◆ Data provided:
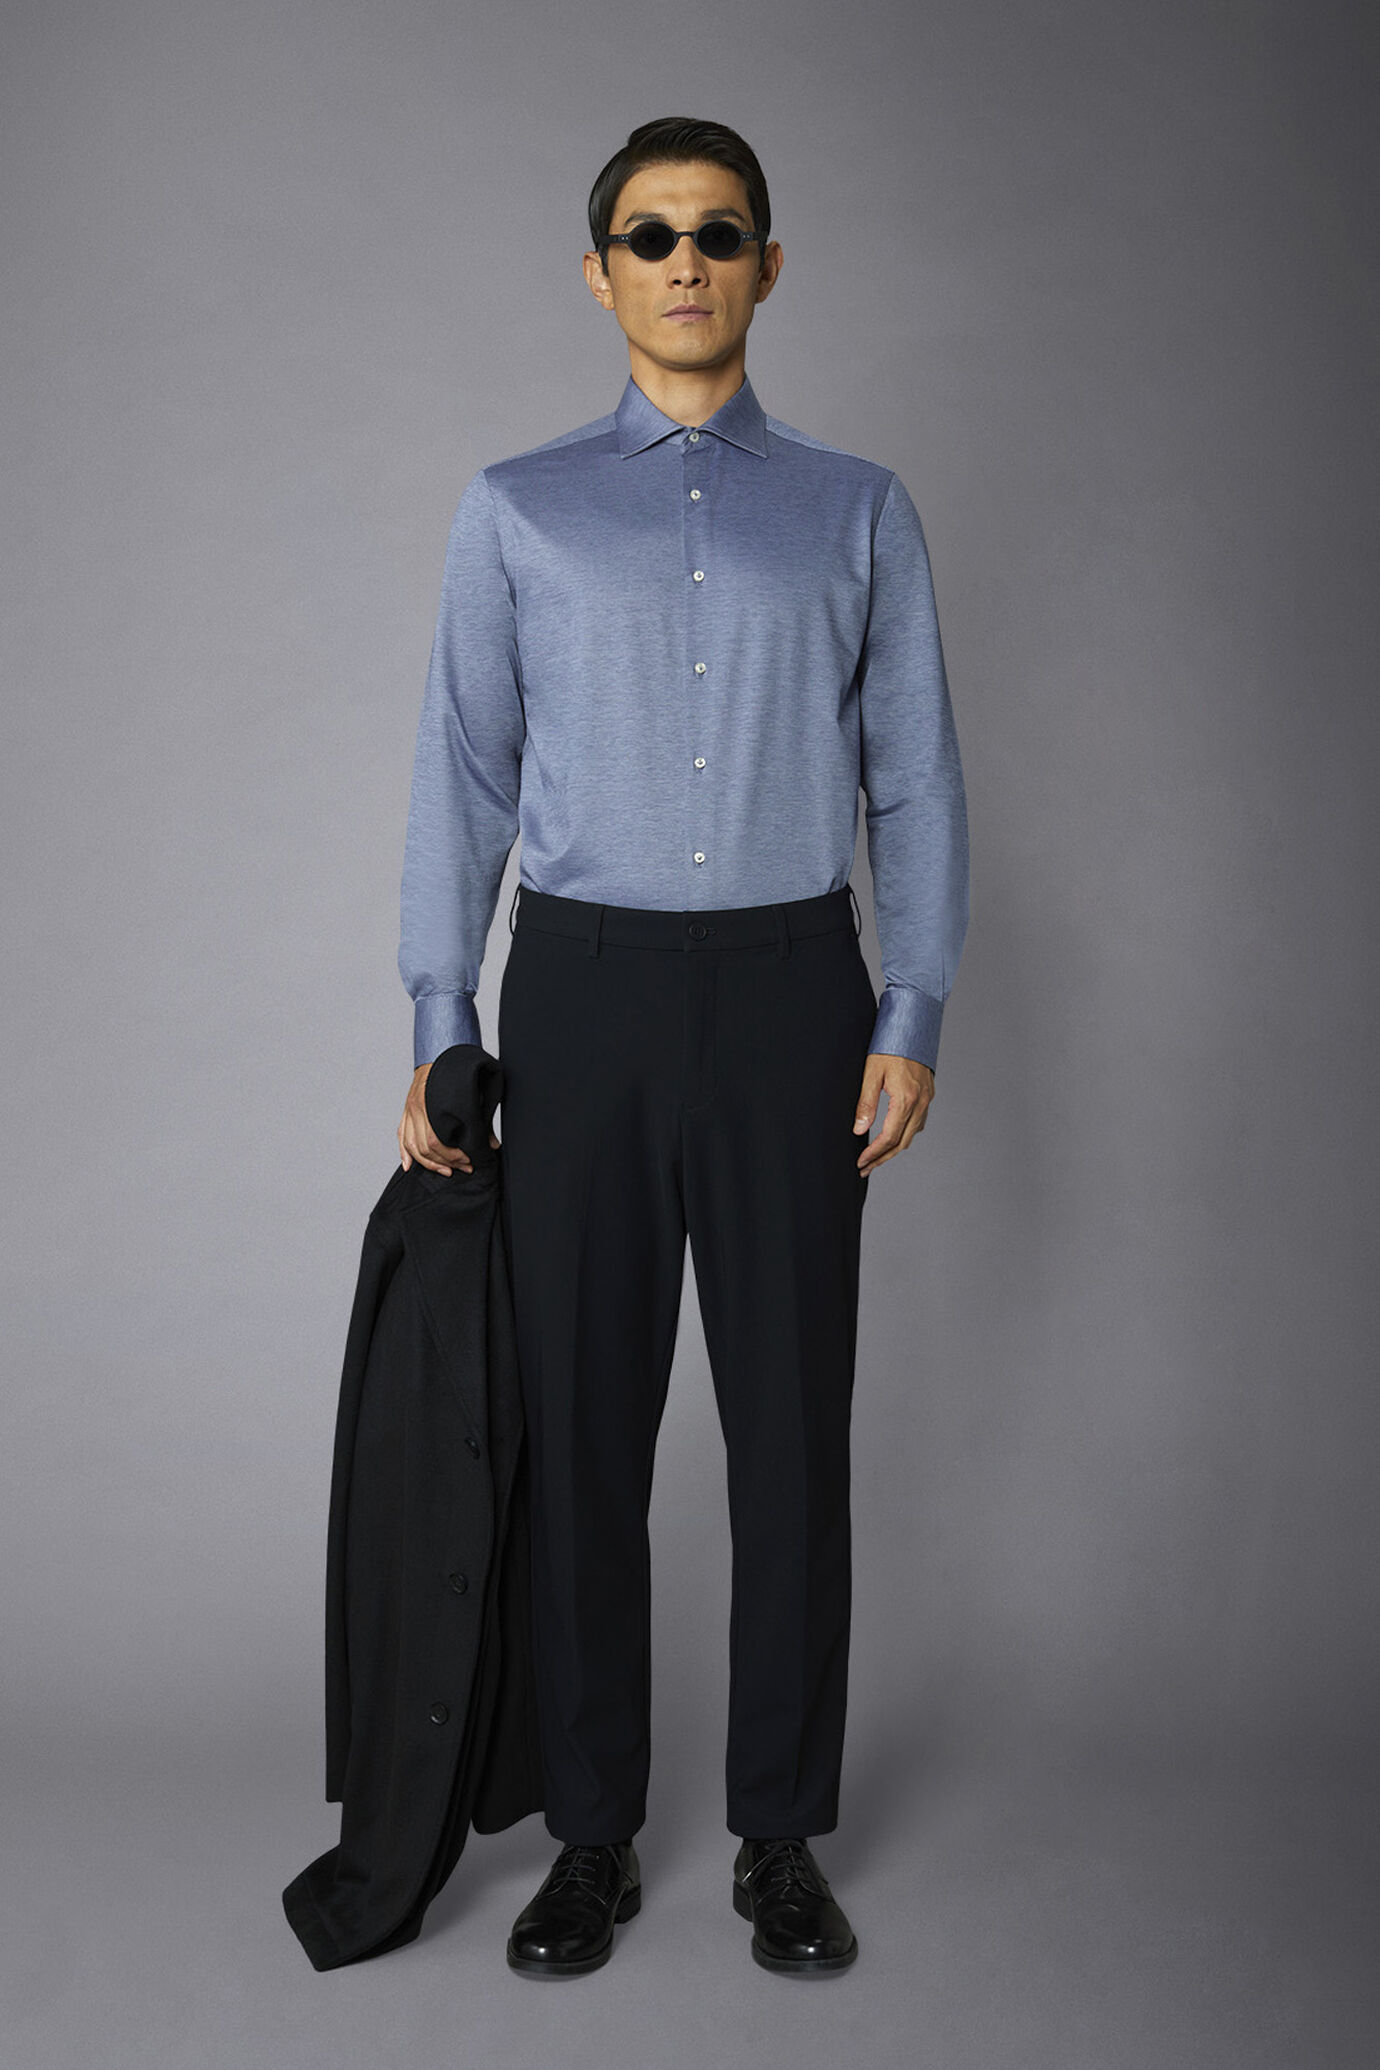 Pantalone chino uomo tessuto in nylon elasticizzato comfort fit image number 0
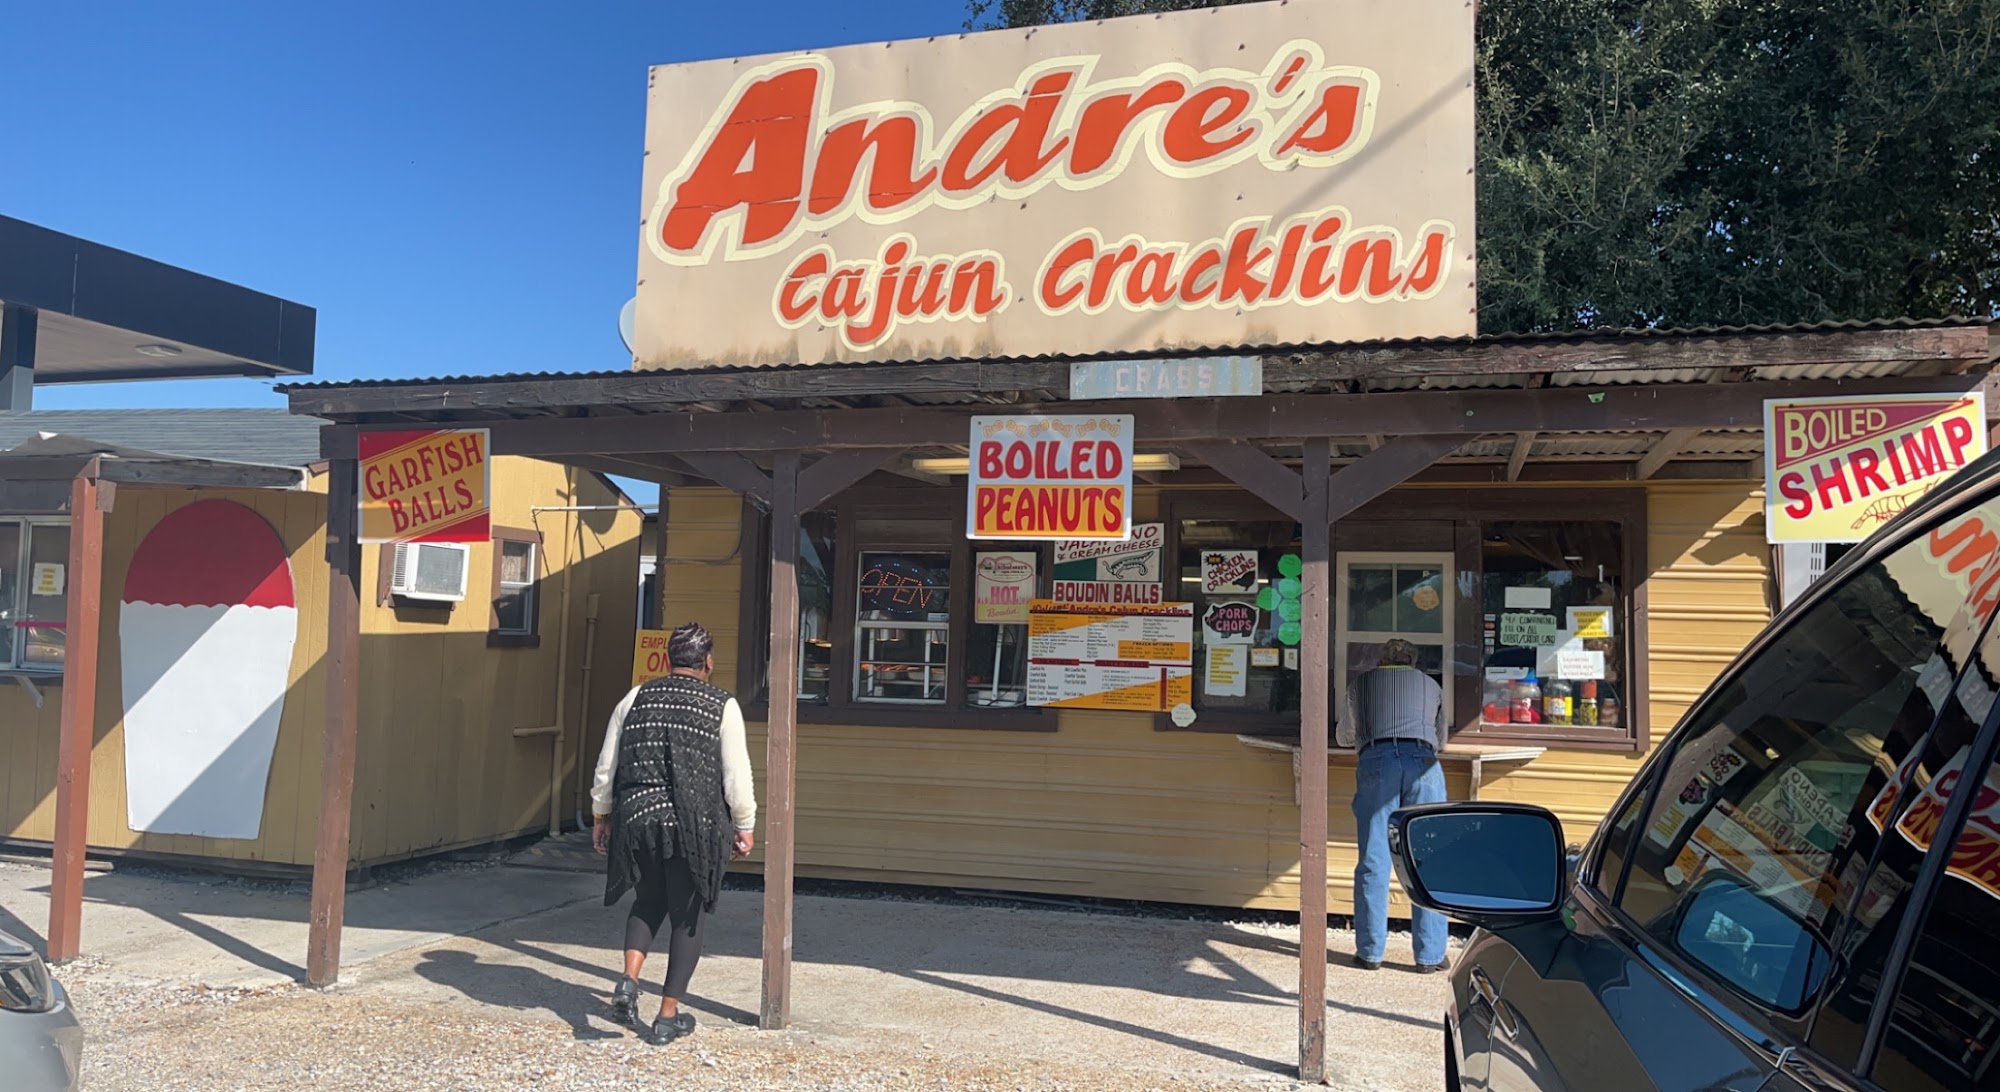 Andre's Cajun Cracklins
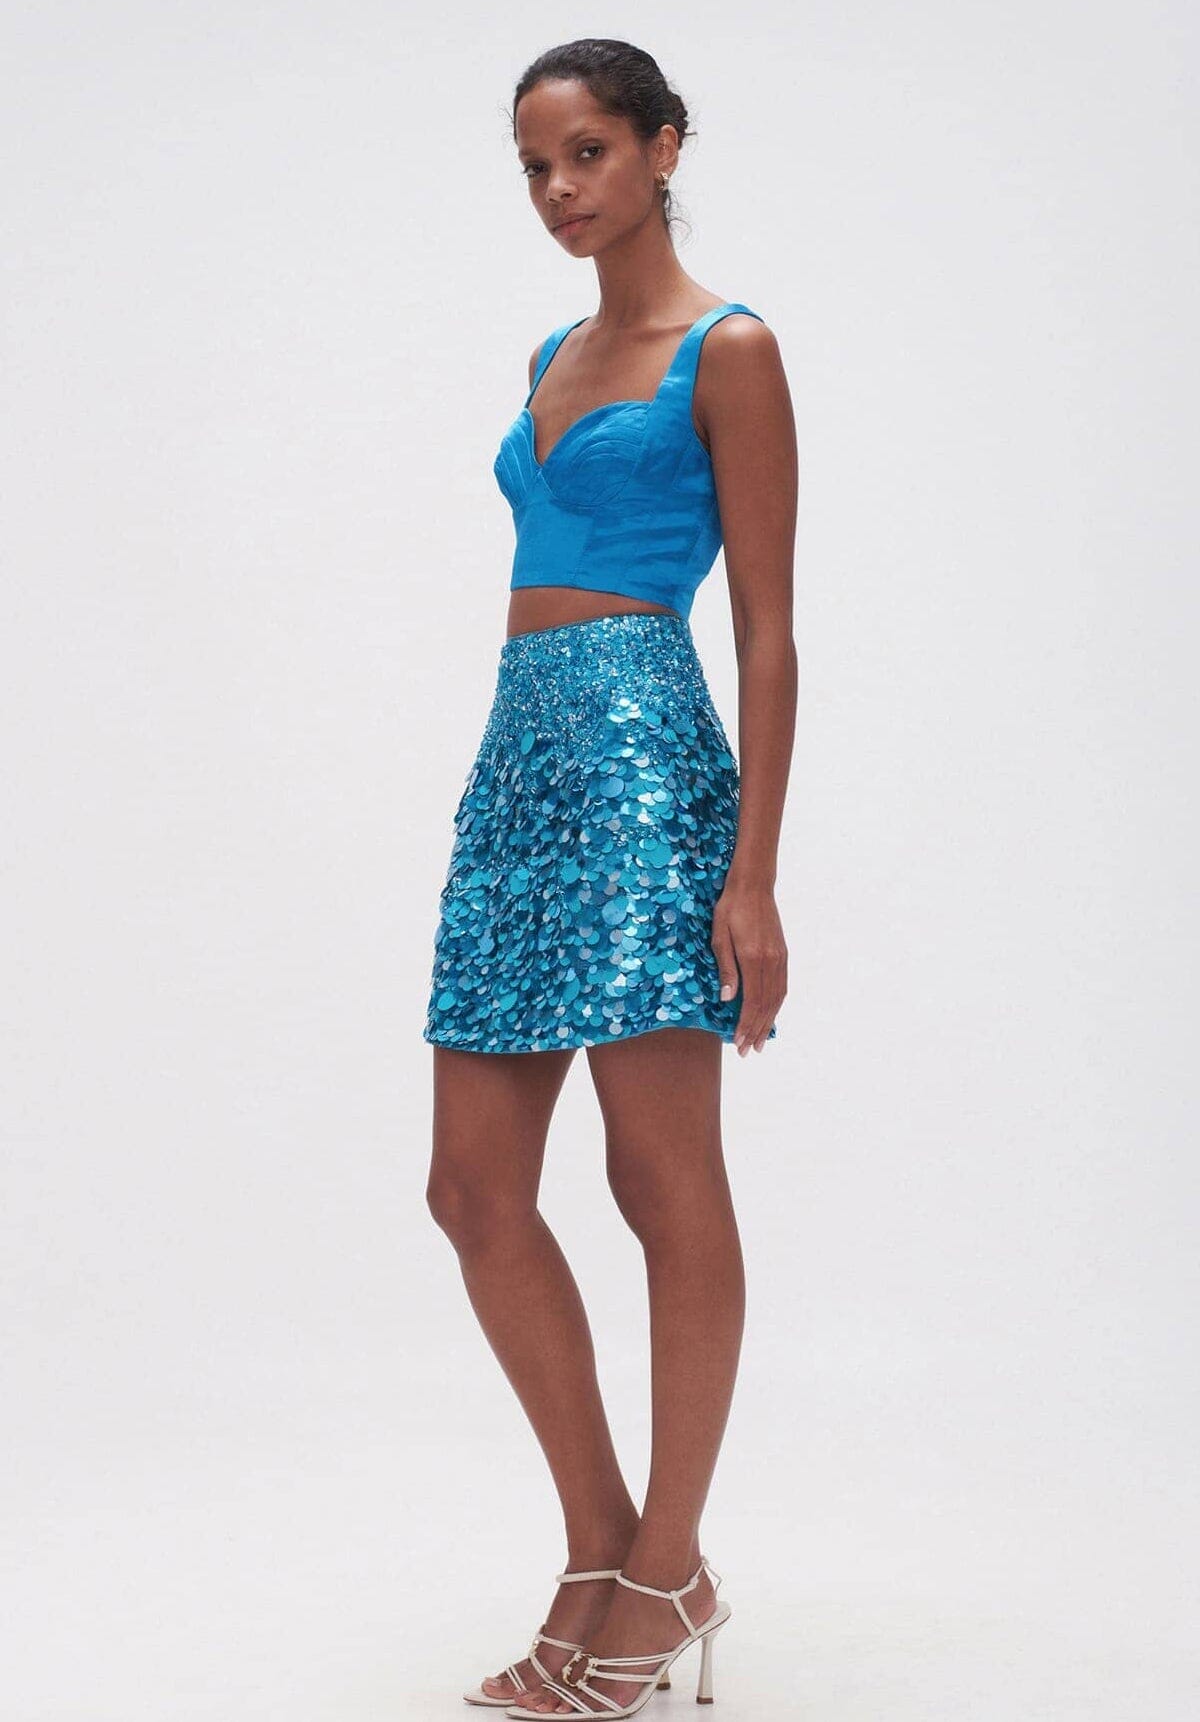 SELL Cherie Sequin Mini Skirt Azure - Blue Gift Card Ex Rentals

◆ Task details: Drop the pictures, then reproduce exactly the lines from the one with "Andre's Cajun Cracklins" through the final line of the listing.

◆ Exercise result:
 Andre's Cajun Cracklins
 SELL Cherie Sequin Mini Skirt Azure - Blue Gift Card Ex Rentals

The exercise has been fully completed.